Wednesday, 17 December 2008

House of Lords EU Sub-Committee E (Law and Institutions)
Short Inquiry into the Draft Common Frame of Reference
Wednesday 17th December, 2008

Lord Bach, Parliamentary Under Secretary of State, Ministry of Justice
link:

http://www.parliamentlive.tv/Main/VideoPlayer.aspx?meetingId=3078

Monday, 1 December 2008

Welcome to the CFR blog!
(full title: ‘Common Frame of Reference EU Contract Law’)

Blog objective:

a BODY OF KNOWLEDGE and
JOINT DISCUSSION PLATFORM for all BUSINESS stakeholders to monitor the Common Frame of Reference for EU Contract Law (CFR) Project.

Is business interested in a CFR?

A Survey by Clifford Chance one of the world’s leading law firms showed that business wants the European Commission to continue its deliberations on an optional instrument: http://www.cliffordchance.com/expertise/publications/details.aspx?FilterName=@URL&LangID=UK&contentitemid=8354

It concluded:

“Business in the EU is very interested in a neutral, EU contract law, and would be likely to use it. But this does, of course, depend upon it being a good law that enables trade and gives business the predictability it needs.”

What is the CFR?

The CFR is the biggest project facing the European legislator in the field of civil and commercial law.

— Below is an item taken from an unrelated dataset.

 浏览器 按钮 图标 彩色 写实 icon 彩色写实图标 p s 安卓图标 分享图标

It is a long-term, expensive project which aims at providing the European Legislators (Commission, Council and European Parliament) with a "toolbox" or a handbook to be used for the revision of existing and the preparation of new legislation in the area of European contract law. This toolbox could contain fundamental principles of contract law, definitions of key concepts and model provisions.

Link to official EU CFR website: http://ec.europa.eu/consumers/cons_int/safe_shop/fair_bus_pract/cont_law/index_en.htm

Is the CFR a new idea?

Movements devoted to harmonising law between countries are not new:

UNIDROIT: in 1926 the International Institute for the Unification of Private Law (Unidroit) was set up, originally under the aegis of the League of Nations but now as an independent intergovernmental organisation with its own statute. In 1994, it published its Principles of International Commercial Contracts, which it updated ten years later.

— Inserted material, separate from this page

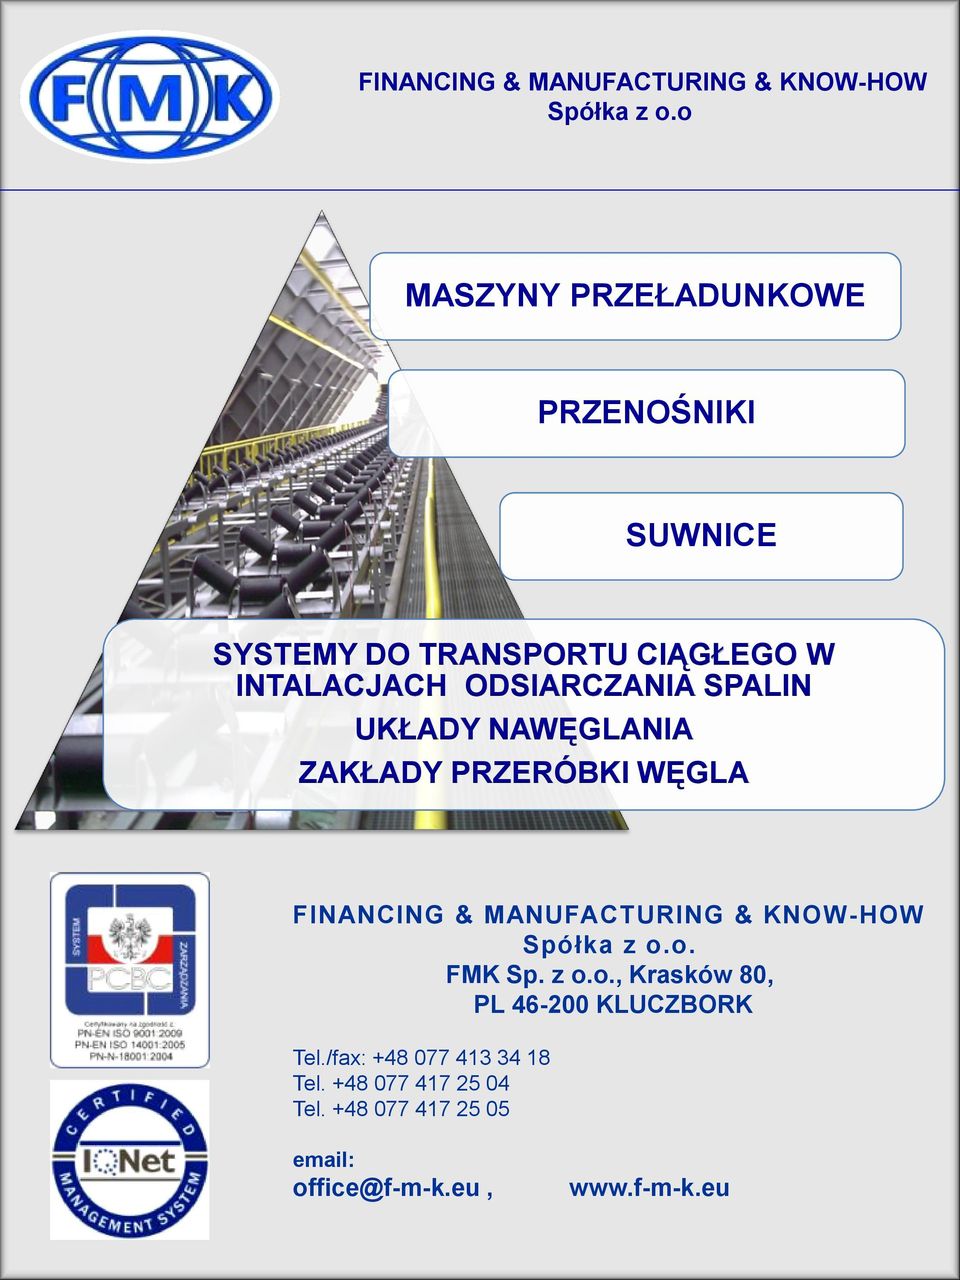 MANUFACTURING & KNOW-HOW. FMK Sp. z o.o., Krasków 80, PL 46-200 KLUCZBORK Tel.

PECL: 1995 to 2000, a precursor of the CFR Study Group produced a set of "Principles of European Contract Law".

What is the state of play with the CFR?

in 2008, the EU Commission started to select those parts of the academic CFR which are relevant for the final Commission CFR, on the basis of its policy objectives. All the Directorate-Generals (DGs) concerned are involved in this selection process according to their field of competence, of course including DG JHA (Justice & Home Affairs). The final selection will be presented for consultation to the other institutions, including Parliament and stakeholders.

The Commission intends to ensure that the Commission CFR will be translated so that it can be discussed and applied in order to improve the quality of EU contract law legislation and to make it more coherent.

The Commission CFR will most probably be considerably shorter than the academic draft which was delivered by the Researchers from all over Europe at the end of 2007. The Commission has said given the huge work which will already be necessary to translate the CFR, it does not make sense to spend valuable translation resources to translate parts of an academic draft which are not relevant for the purposes of the CFR.

Consultation with business stakeholders?

The EU Commission has announced that it will be organising more CFR-net workshops in 2009 on the topics:

-Grounds of validity
-Formation
-Remedies for non-performance
-Prescriptions

The last CFR-net workshop was at the end of 2007.